So I think it's best to solely omit the object type from the union type and do nothing more.

Two ideas that I am thinking to improve on this would be to:

  1. Add another function that allows one to change the type of fields to deal with the one-type union.
  2. Returning a dictionary of suggested renamings.

I would prioritize getting a basic version of schema renaming working before focusing on improvements like these though. For now simply omitting the object type seems good enough to me.

Issue 3:
When we remap a type to multiple types, we want to avoid breaking any existing queries. I think we could do that by using the new type in all existing fields except unions. So we would have:

type Droid {
   height: NewHeight
}

For unions, we need to have both the old and new type as part of the union field. (The old type to avoid breaking any existing queries, and the new type to allow users to start referring to solely the new type in queries).

@obi1kenobi
Copy link
Contributor

As you correctly point out, the operations happening here are complex and difficult to think about. Thank you for writing up all the edge cases you are considering, it was very useful.

I'd like to make an observation here that might simplify things. We have two use cases that we are trying to cover here:

  • migrations that change names
  • permanent schema renaming, where we simply don't like what the underlying schema calls things and want to assign them new names

The latter only requires 1-1 renaming, which are conceptually simple. The former is solvable by 1-many renaming, but that's not the only viable solution and doesn't have to be the full story here. So I'd propose a hybrid approach for supporting migrations: allow 1-many renaming of fields, and use an alternative approach for types of all kinds: scalars, enums, interfaces, objects, unions, etc.

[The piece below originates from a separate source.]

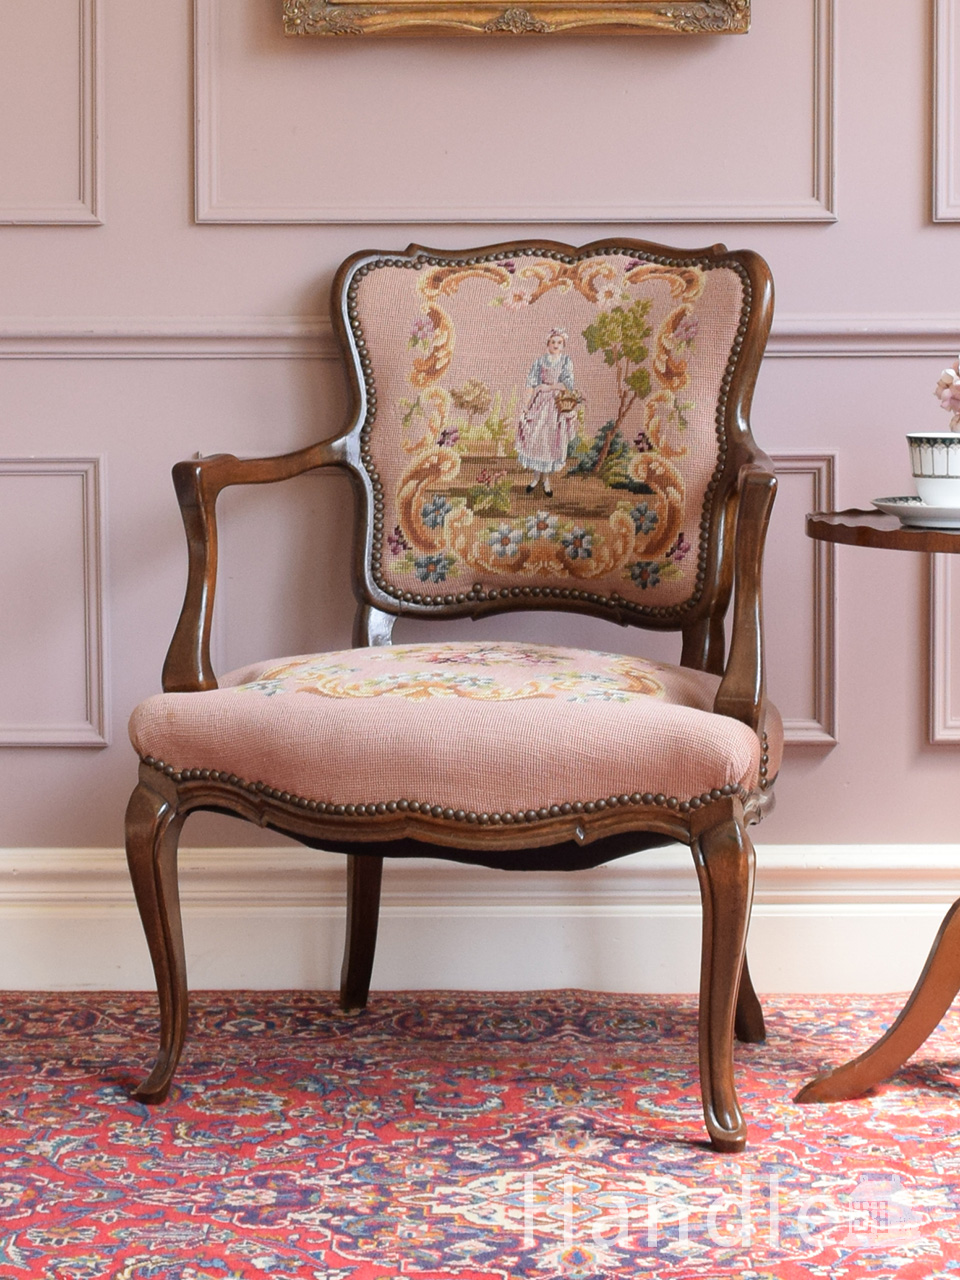 フランスから届いた一人掛けの椅子、女の子の刺繍が美しいプチポワンのアームチェア (j-744-c)

That means I'm suggesting we reduce scope and only allow renaming types to 0 or 1 names, raising NotImplementedError() or another error otherwise. This is because 1-many renaming of types is both extremely difficult to do well and will result in a massively bloated, user-unfriendly schema. Instead, we can handle migration-style renames of such schema elements by simply building the reverse_name_map component for them manually, and accepting schema-incompatible queries during the migration period by rewriting them into schema-compatible ones.

Also, I'd recommend we play it safe and don't implicitly cascade type hiding, since on a large schema (ours stretch into hundreds of MB!) it's going to be impractical to hand-review the changes resulting from a given operation. Instead, my preference would be to make the user explicitly state all the changes they'd like to perform, and have the code complain by raising errors if we end up in an illegal state, such as:

  • type has no fields
  • union has no types
  • type is being hidden but fields of that type exist, etc.

Importantly, such complaints must be clear ("input X said to do Y which caused illegal state Z") and actionable ("here are the actions that would resolve the problem") for the user.

@LWprogramming
Copy link
Collaborator Author

Thanks for the feedback! A few follow up questions:

simply building the reverse_name_map component for them manually, and accepting schema-incompatible queries during the migration period by rewriting them

  • If we do this for types, enums, etc. then instead of 1-many renamings for fields could we treat fields the same way we do everything else? Then we wouldn't have a mix of what happens to different parts of the schema. We could say that 1-1 and 1-0 is always done in rename_schema while 1-many is handled by being more permissive with queries than the schema suggests and renaming the query accordingly.

  • Does this mean that someone writing a query would see the schema after it was modified with 1-1 and 1-0 renamings and that we'd modify reverse_name_map somewhere in rename_query? Unsure where this extra processing should be happening.

such complaints must be clear ... and actionable

  • Makes sense-- what would be the actionable thing to do here though? Suppose we have this schema:
type A {
    Listb: [B]
}

type B {
    c: C
}

enum C {
    YES
    NO
    MAYBE
}

and C gets suppressed. This should raise an error, but what should the suggested action be?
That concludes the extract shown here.